Everywhere is Archipelago, a song cycle by Emerson Eads, on poetry by Margaret Gibson, commissioned by soprano, Terri Eickel, has been published by North Star Music. Gibson, Connecticut’s Poet Laureate from April of 2019, “has created a voice and an art that connect the sensuous experience of the physical world with the inner life.” Gibson’s poetry revels in the sublime beauty of our natural world and hauntingly reminds us that our very existence on this planet depends upon us being stewards of the beauty around us.
My friend, Terri Eckel, commissioned me back in 2021 to set poetry by her favorite poet, Margaret Gibson, Connecticut’s Poet Laureate. I completed this set in March of 2022. As a student of John Luther Adams her poetry reminded me of his environmental activism. Gibson’s words celebrate natures serenity, sublimity, and absurdity, and in these stirring studies, she reminds us of our duty as guardians.

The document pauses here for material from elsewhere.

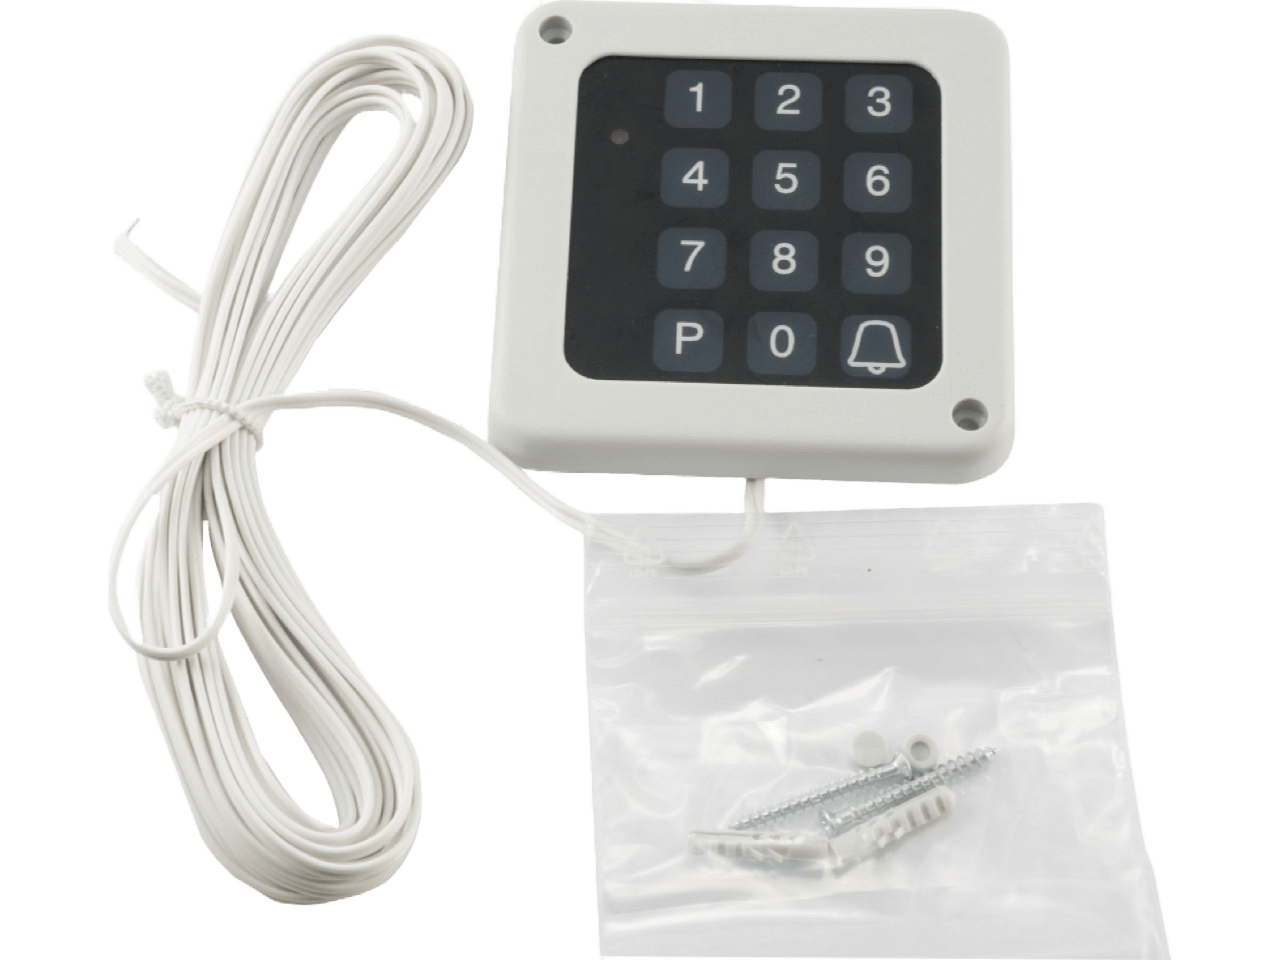 Orion OCL 1 AP and DCE 1 230V Code-Lock with Foil Keypad

I found the poetry both intensely beautiful and challenging. While getting to know this text, I had to research landforms, plant species, and famous physicists, but through the cerebral text I could always feel Gibson’s singing poetic voice, guiding me to the final double-bar. I like to think that when one sings this cycle they become the celebrant to an environmental liturgy in the cathedral of our natural world.

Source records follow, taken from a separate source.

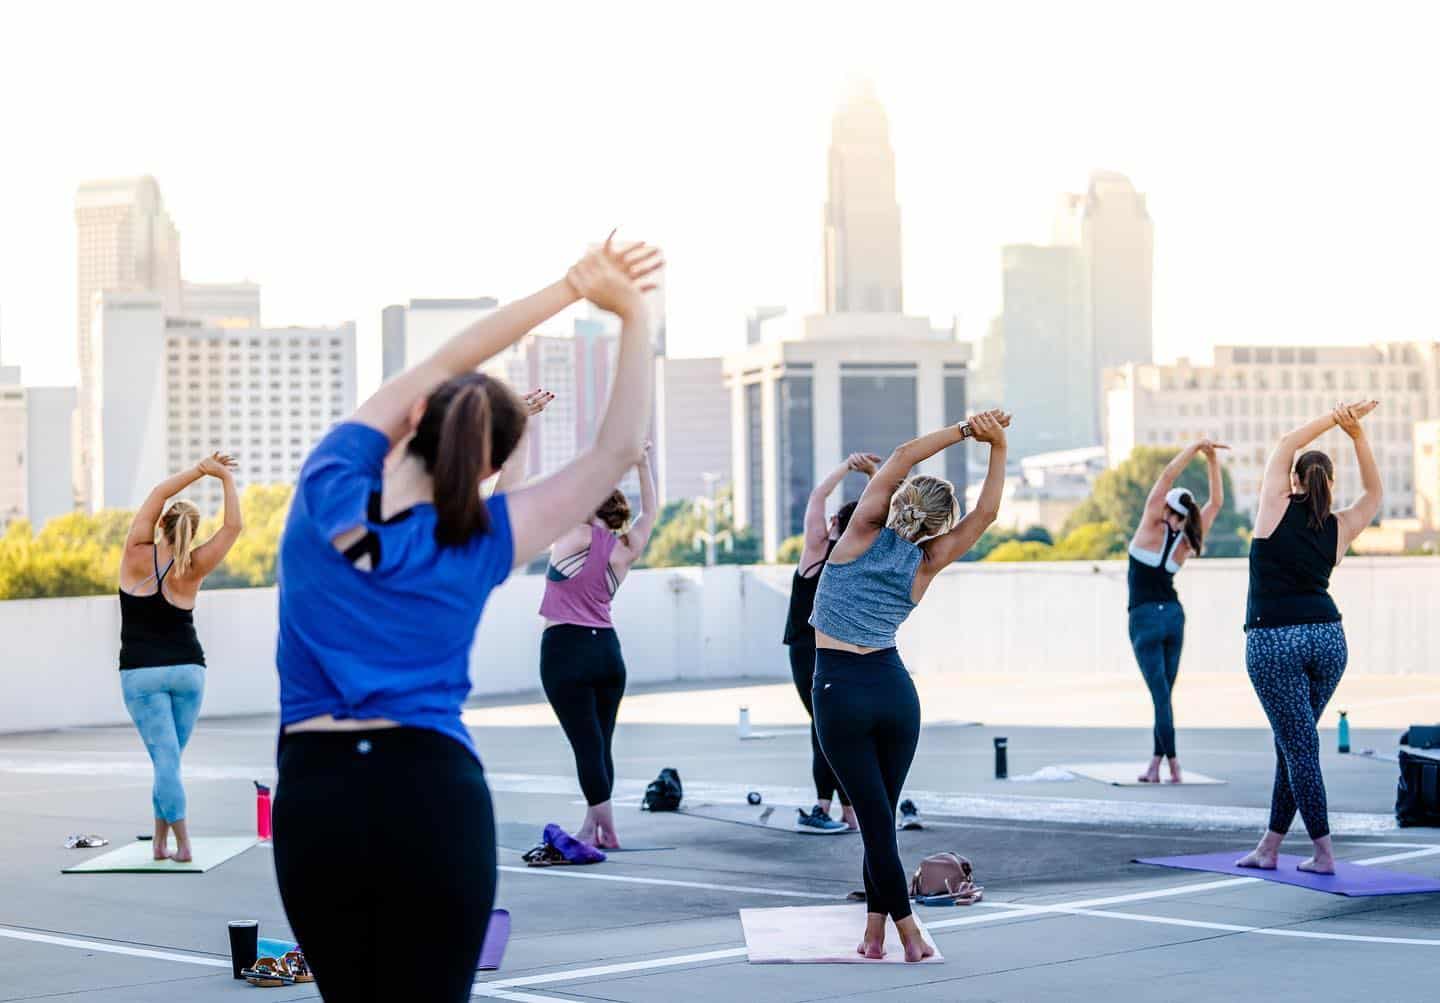 Sweat with us every Tuesday evening throughout March! ⁣⁣
⁣⁣
MET SWEAT — ⁣⁣
 Every Tuesday⁣⁣
 6:00 p.m. - 7:00 p.m.⁣⁣
 In partnership with @sweatnetcharlotte⁣⁣
 Breathtaking skyline views ⁣⁣
 Yoga, cardio dance, etc. ⁣
 $15 per class ⁣
⁣⁣
Slide into our DMs or drop a comment if you want a FREE month of Met Sweat!

From the Very First, Not a Thing Is
Seen at a distance, at dusk in the glade
near the pond, two forms…
Two forms. Rounded. Bulky. Smooth
as a haunch of stone.
Why have I never before, by daylight, seen them
there in the lonely forest?
One of the boulders
raises its head from the ground this afternoon’s
light confirmed was a pied scatter, leaves
yellow and red over
tufts of newly sown grass, a fine silk green.
I lift my head in reply,
then continue to graze,
with them, the smell of the damp earth raw and comforting,
no sound but the ripping out of the earth
winter rye, like a seam
ripped, or a hem, let out because the child
has grown taller.
It is a moment as far away as my mother’s hand
Dipping into her sewing basket
for a thread, a moment whose over and under stitching
is as close as the lush steppes
of Asia, rippling lightly, just under
the shadowed sleeve of my loosely worn coat.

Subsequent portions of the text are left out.